# My new (to me) bike (copied from another thread)



## bvibert (Jun 12, 2008)

[edit]This thread was moved from another thread[/edit]

I'm looking forward to giving the new to me FS bike a proper test at Nepaug Sunday.  I'm having the shock rebuilt by the LBS so I shouldn't have anymore leaking issues!


----------



## powhunter (Jun 12, 2008)

bvibert said:


> Good to know, thanks!
> 
> I'm looking forward to giving the new to me FS bike a proper test at Nepaug Sunday.  I'm having the shock rebuilt by the LBS so I shouldn't have anymore leaking issues!

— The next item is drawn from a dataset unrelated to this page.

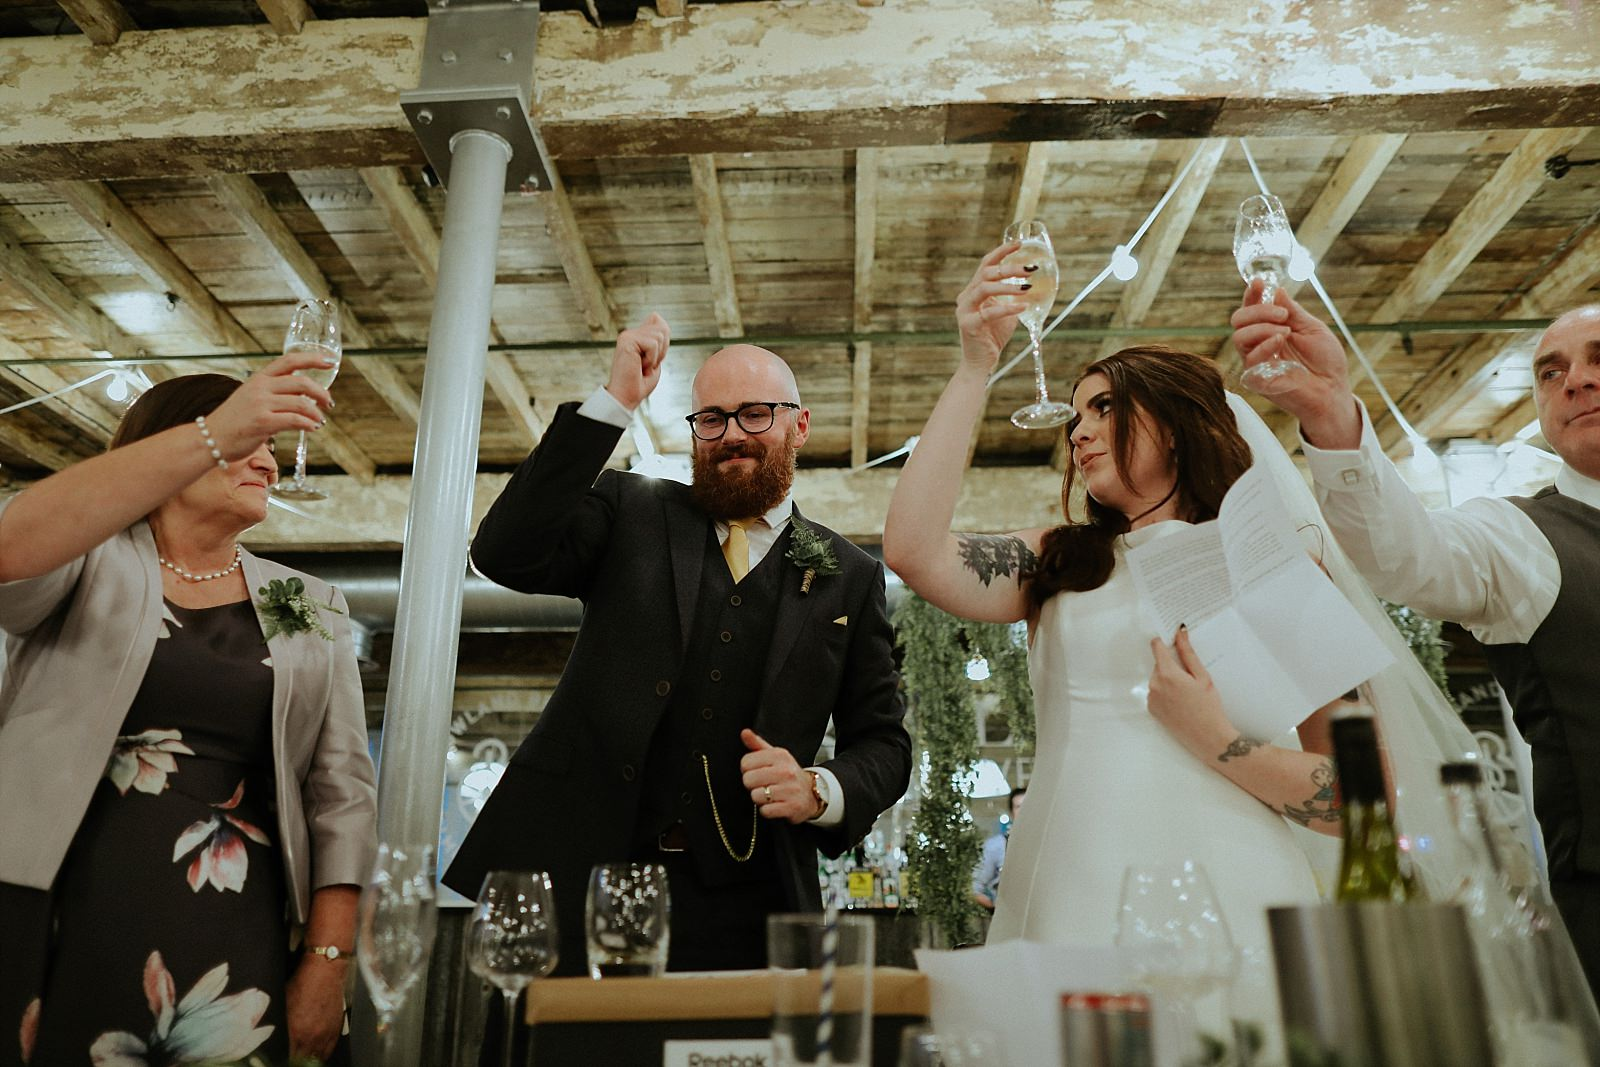 hip hooray for the groom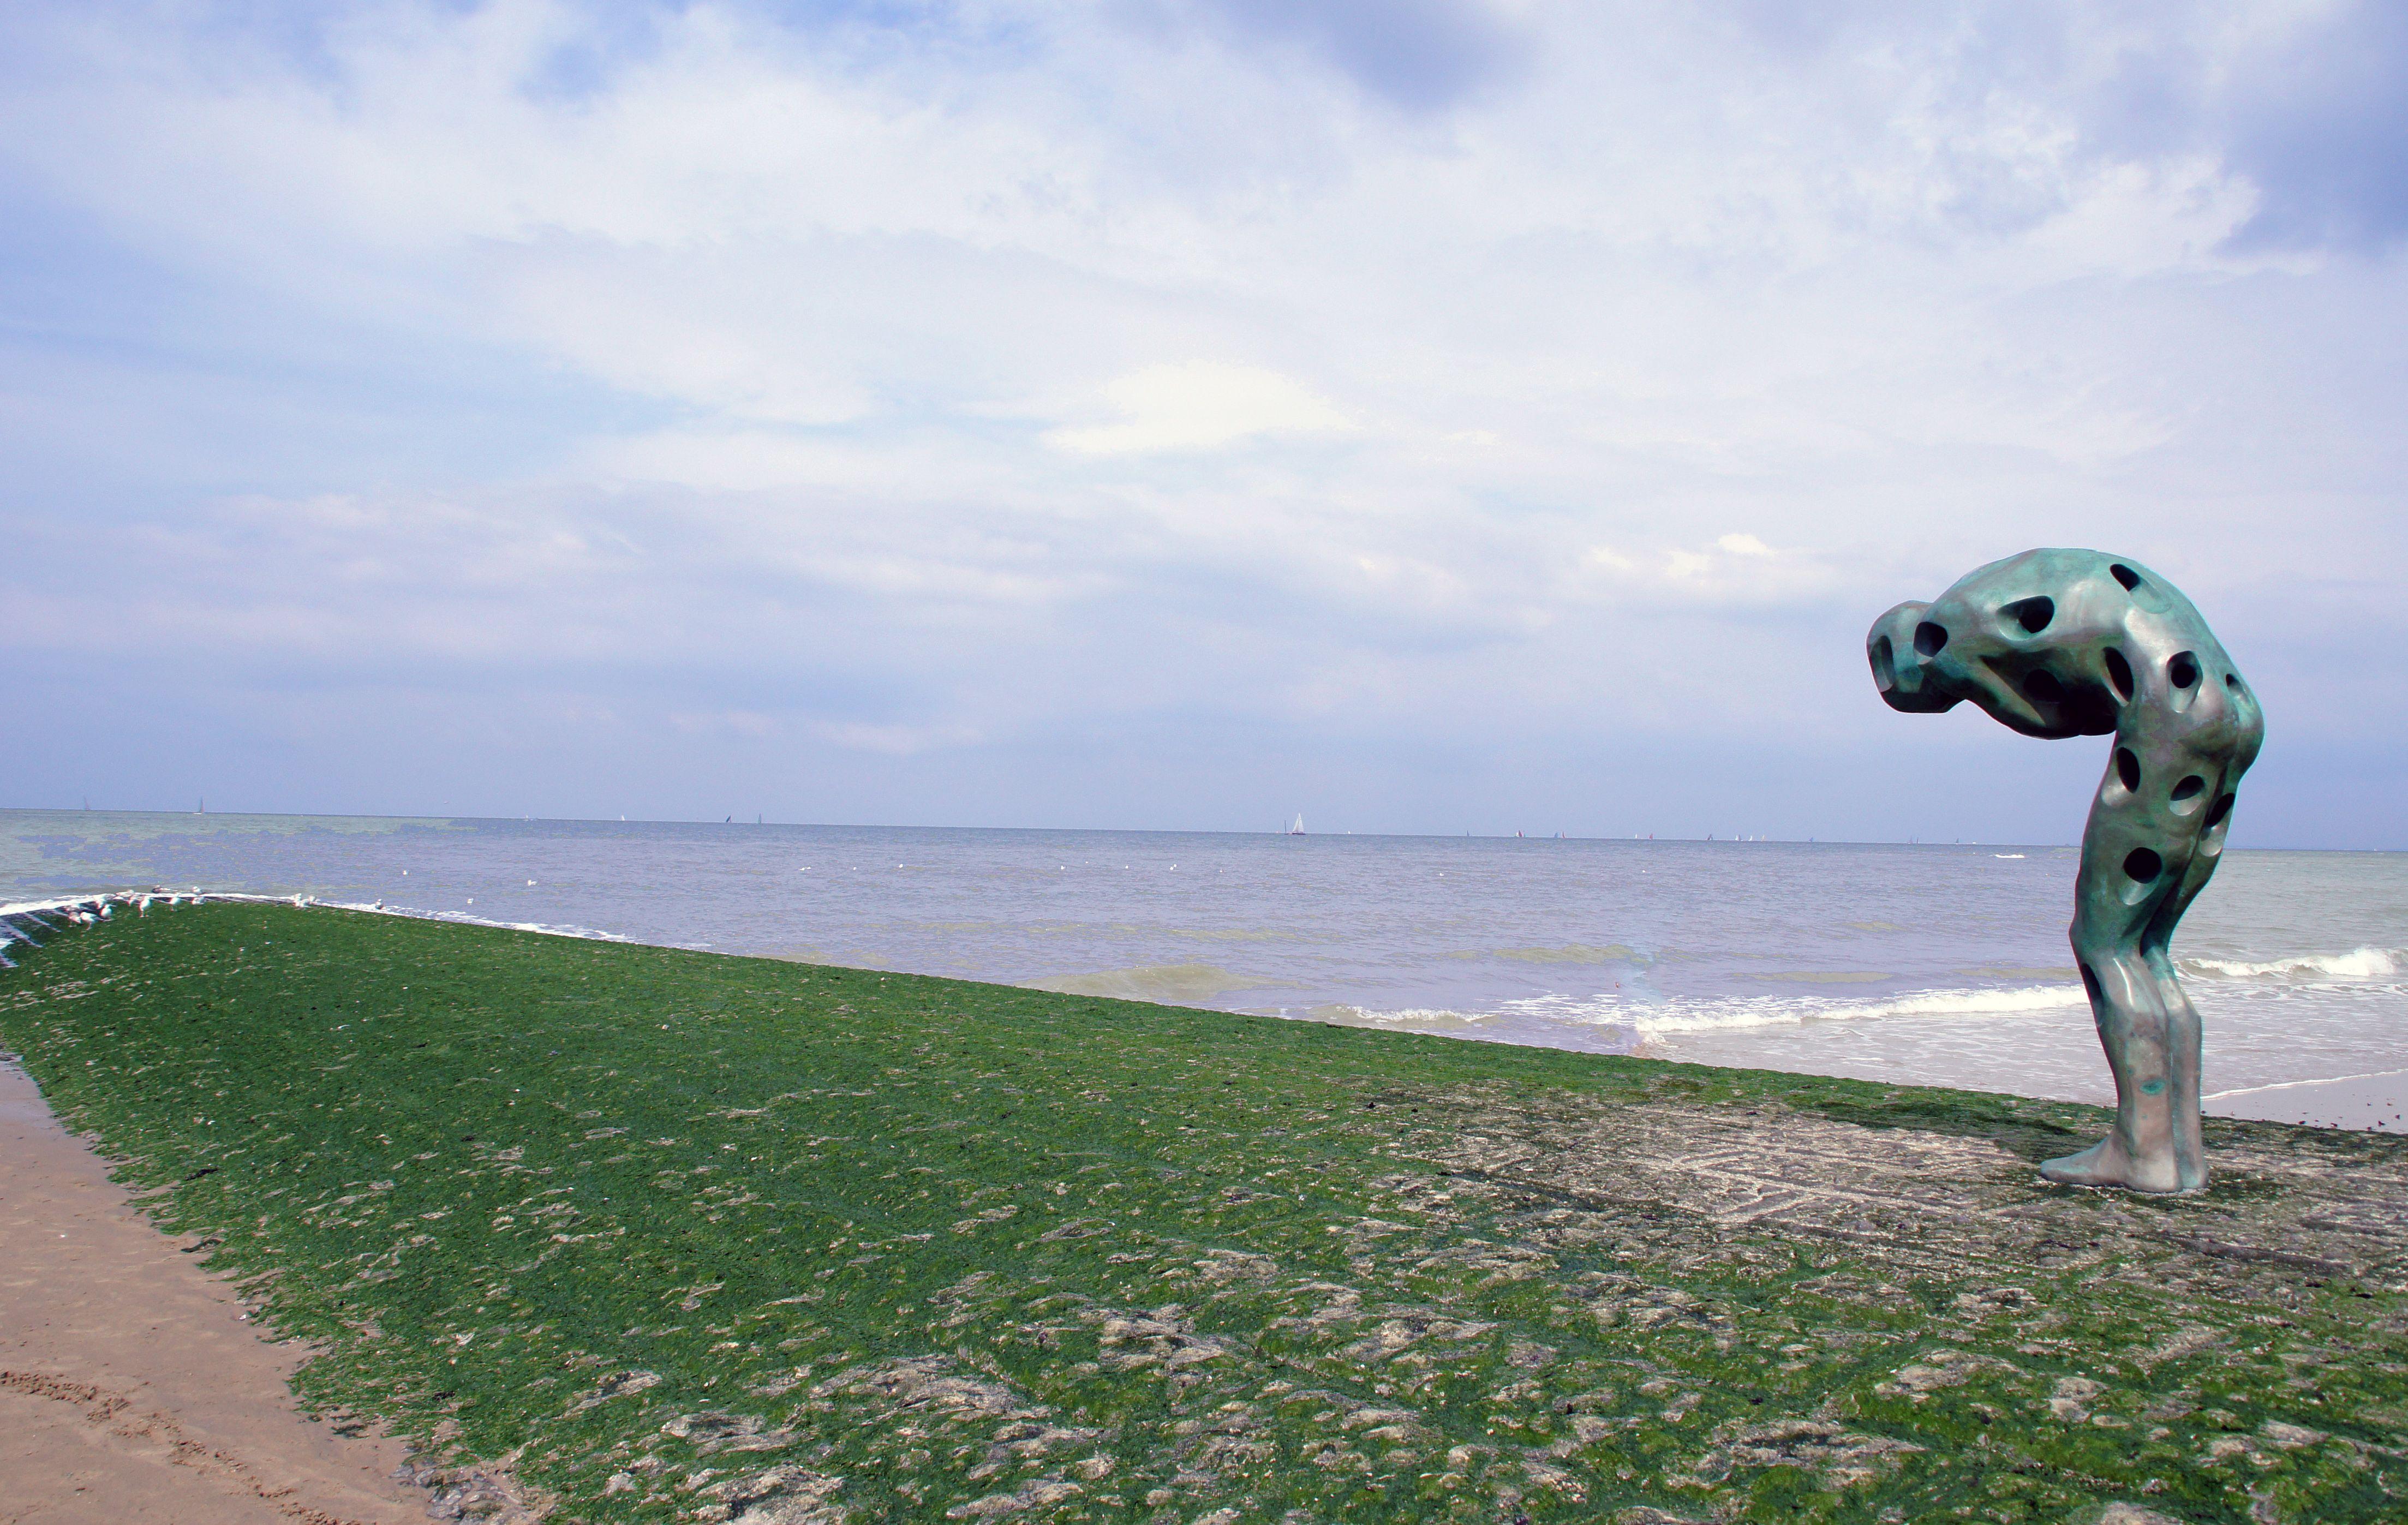 Belgium - Knokke - Beach

new bike??  cool what did ya get?

steve


----------



## bvibert (Jun 12, 2008)

powhunter said:


> new bike??  cool what did ya get?
> 
> steve



I inherited my Dad's old '02 Specialized Rockhopper Comp FSRxc.  I rode it a few times already, but the air shock was leaking so it was a little too squishy...  Should be good to go by Sunday.


----------



## MR. evil (Jun 12, 2008)

bvibert said:


> I inherited my Dad's old '02 Specialized Rockhopper Comp FSRxc.  I rode it a few times already, but the air shock was leaking so it was a little too squishy...  Should be good to go by Sunday.



Does your current shock have pro-pedal? The FSR suspension also know as a Horst link bobs pretty badly IMO. Thise types of bikes pedal much better with a platform type shock such as Fox shocks with pro-pedal or Manitou shocks with SPV.


----------



## bvibert (Jun 12, 2008)

MR. evil said:


> Does your current shock have pro-pedal? The FSR suspension also know as a Horst link bobs pretty badly IMO. Thise types of bikes pedal much better with a platform type shock such as Fox shocks with pro-pedal or Manitou shocks with SPV.

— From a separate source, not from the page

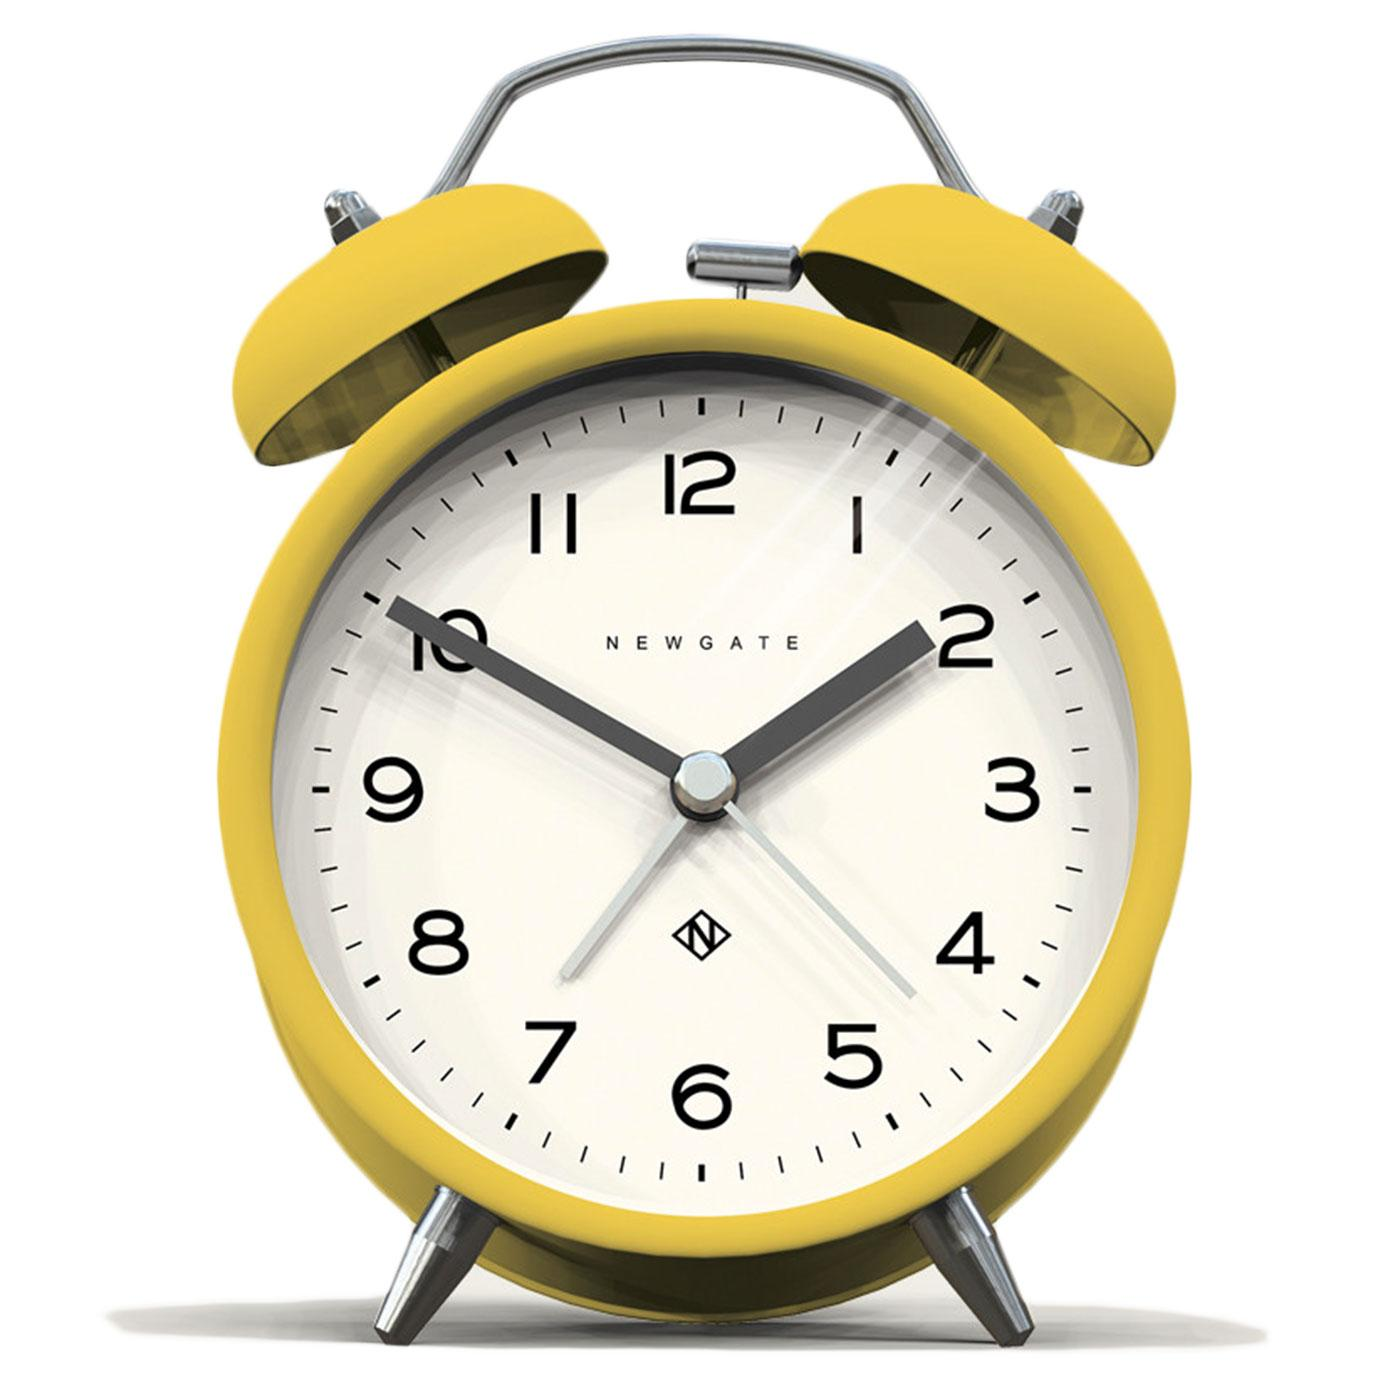 Echo NEWGATE CLOCKS Retro Bell Alarm Clock Yellow

No, it doesn't.  I definitely want to upgrade the shock to something with a pedaling platform, but that just isn't in the budget right now.  It was only $40 (and I had a gift certificate to the LBS) to fix the shock I have now, so I went with just fixing it for now.


----------



## MR. evil (Jun 12, 2008)

bvibert said:


> No, it doesn't.  I definitely want to upgrade the shock to something with a pedaling platform, but that just isn't in the budget right now.  It was only $40 (and I had a gift certificate to the LBS) to fix the shock I have now, so I went with just fixing it for now.



There is always Ebay or the classifieds on RideMonkey.com. What is the eye to eye measurment and the shock stroke? I will keep an eye out for deals.


----------



## bvibert (Jun 12, 2008)

6.5 x 1.5 I believe.  Thanks!


----------



## Greg (Jun 16, 2008)

So...what's the verdict?


----------



## bvibert (Jun 16, 2008)

So far so good.  I need to get used to the rear suspension doing it's thing instead of riding it like a hard tail.  The rebuilt shock survived the first ride just fine.


----------